ポゼッションサッカー同士の対決

 ようやくの勝利。
 そして、ようやくの黒ユニ登場。
 これで黒ユニは、勝率100%ということになりましたね(笑)


 …と、くだらない話はともかくとして、久々の勝利は素直にうれしいですね。
 試合内容は予想通り、ポゼッションサッカー同士の対決となり、ジェフにとってはこれまでの試合とは異なった展開となりました。
■北九州のパスワーク
 ジェフは前回のスタメンから荒田に代えて、藤田が復帰。
 佐藤健太郎に代えて伊藤が復帰。
 深井に代わって田中が右サイドで出場。
 深井はベンチにも入っていませんでしたね。



 試合序盤、流れをつかんでいたのは北九州。
 4-3-3の布陣で中盤が3,4人が集まって細かく、素早くパスをつないでいきます。
 その際のサイドの選手のポジショニングが良かったですね。
 遠いサイドのウイングは開いてSB裏を狙えるポジション取りをし、近いサイドの選手はパスワークに参加して中に入りジェフのSBを釣って、味方SBのスペースを作ったり。
 中央でパスワークを構築した場合は、ウイングが相手SBの外から中にかけて斜めに走り出して、裏を取る動きをしたり…。

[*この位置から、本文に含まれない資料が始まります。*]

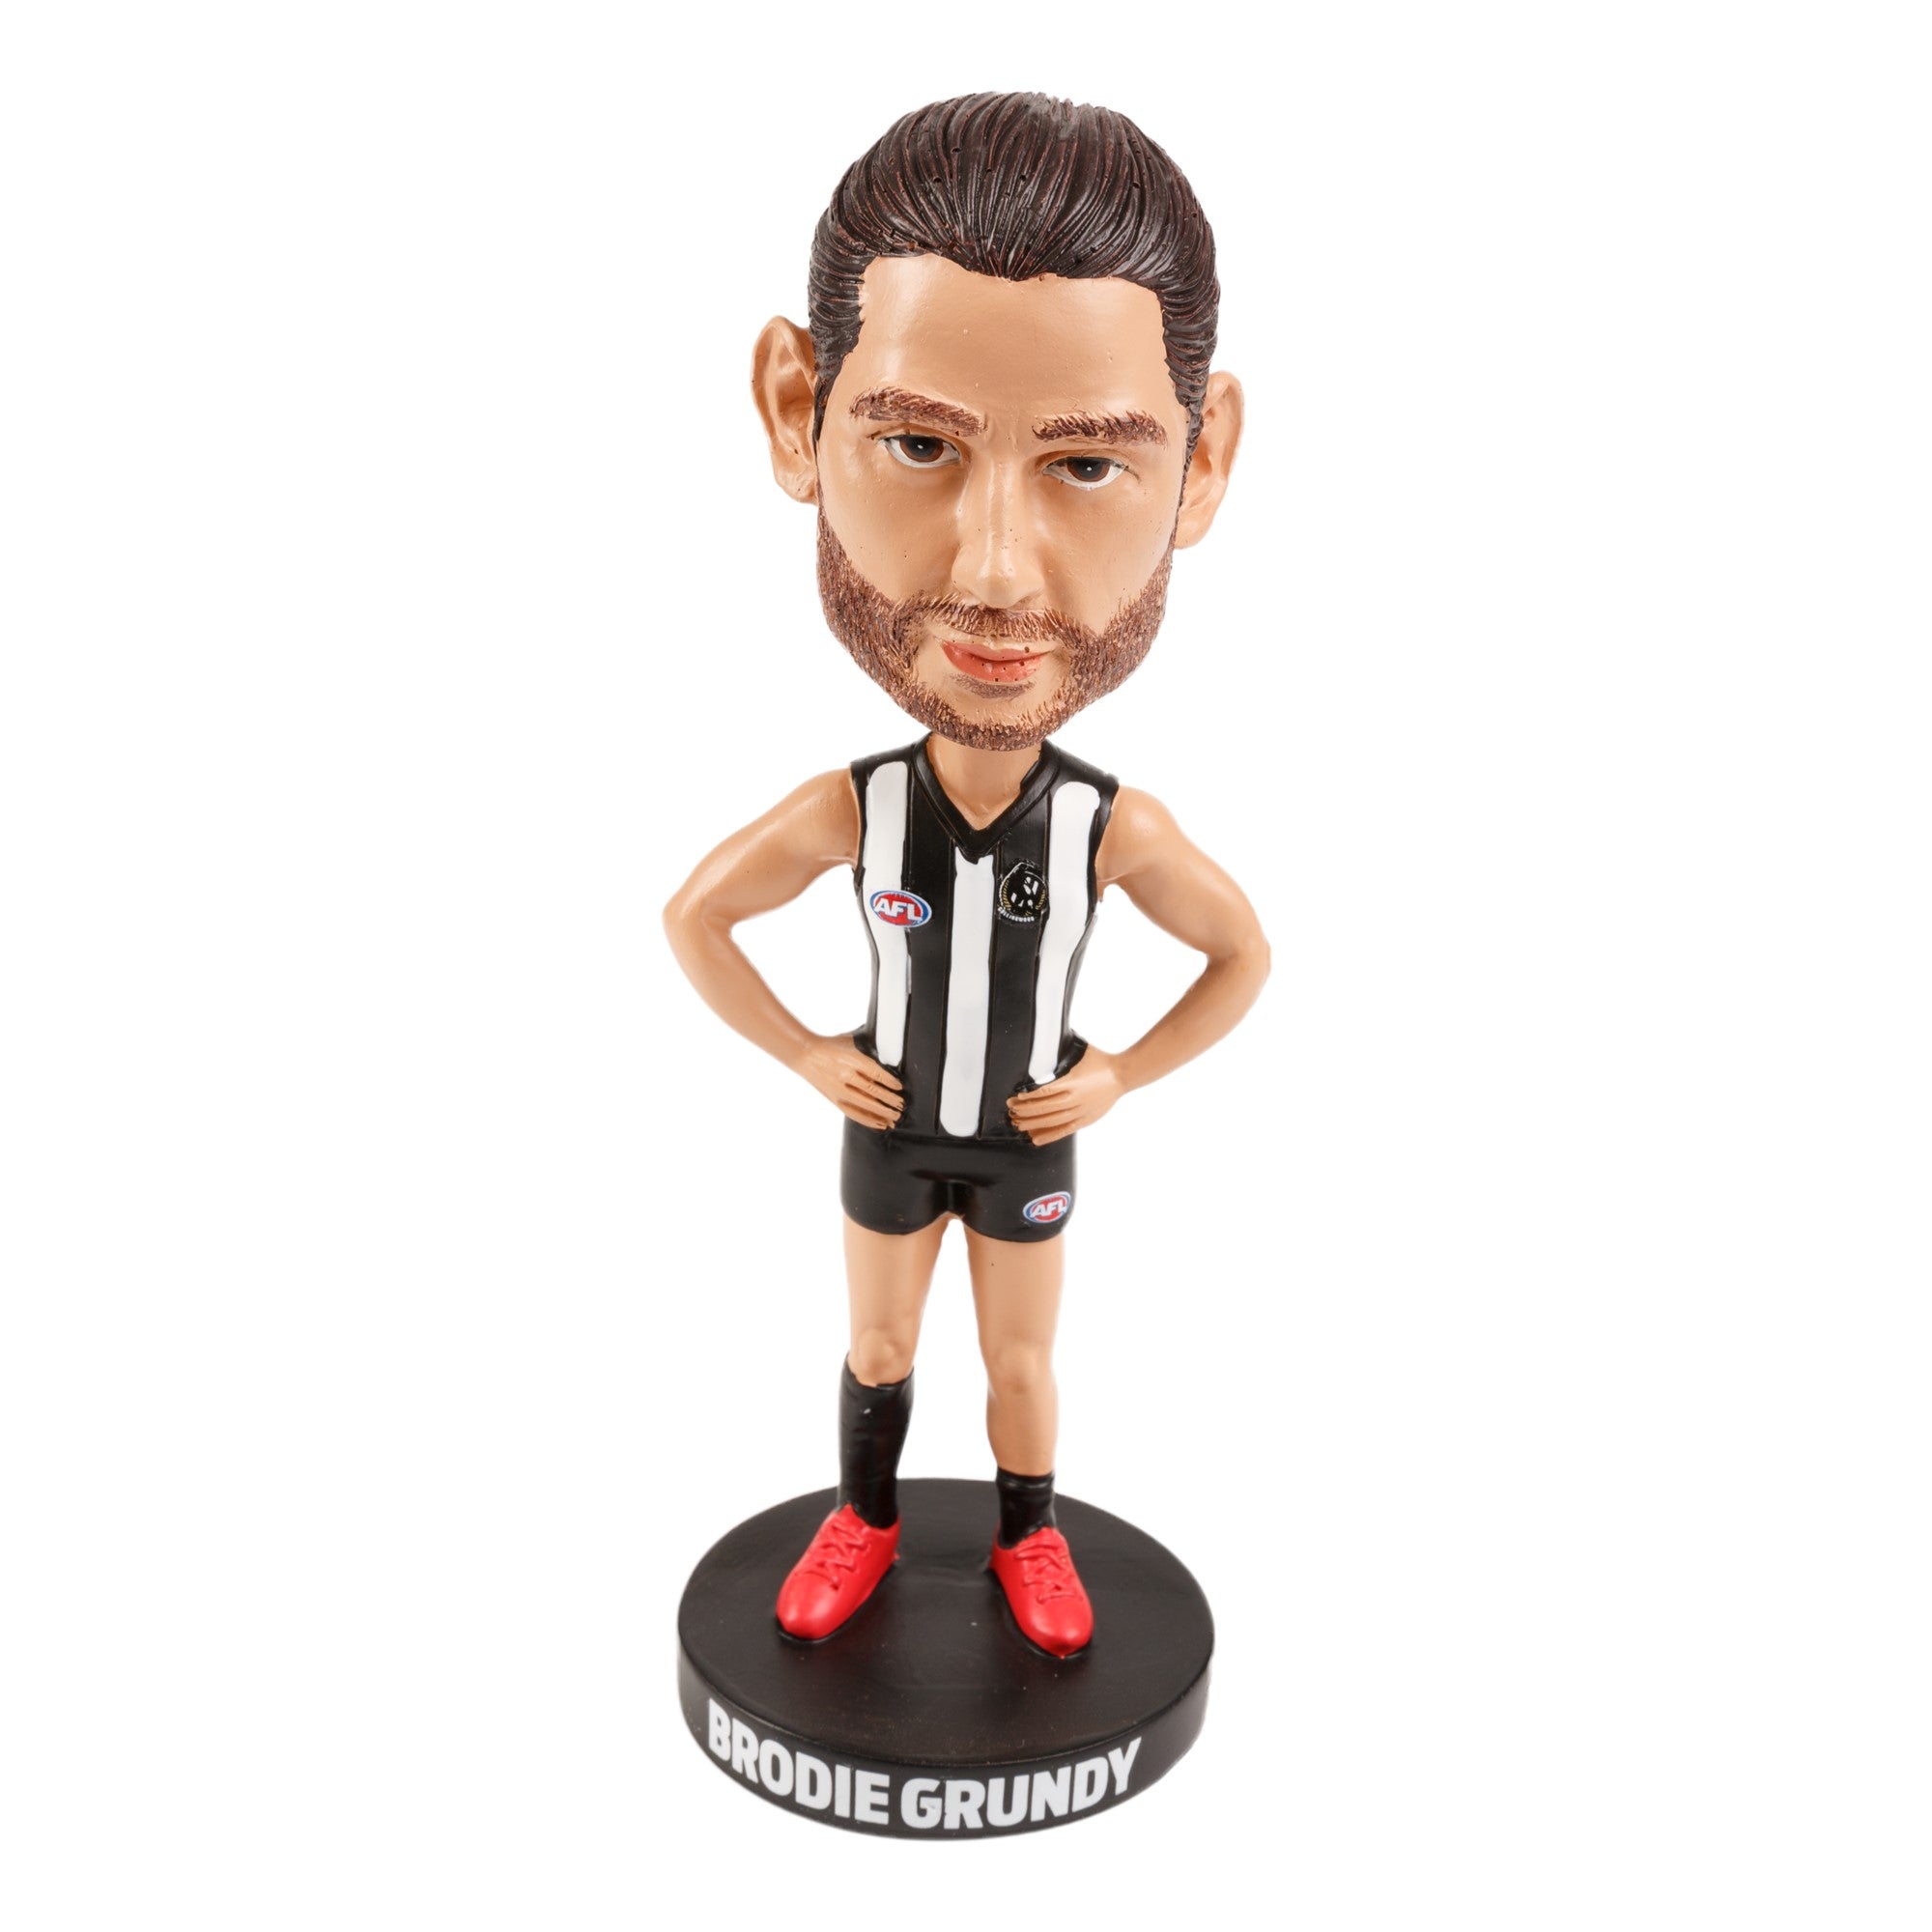 Brodie Grundy Collingwood Magpies Bobble Head

 この辺りが組織化されていて、パスサッカーにおけるチームの意図が非常に明確でした。
 ポイントは中盤での選手の密集と、ウイングが相手SBに対して外に出るのか、中に入るかなどの細かなポジショニングなのかなと。
 ジェフもパスサッカーを目指していると思われるだけに、非常に興味深いサッカーだったと思います。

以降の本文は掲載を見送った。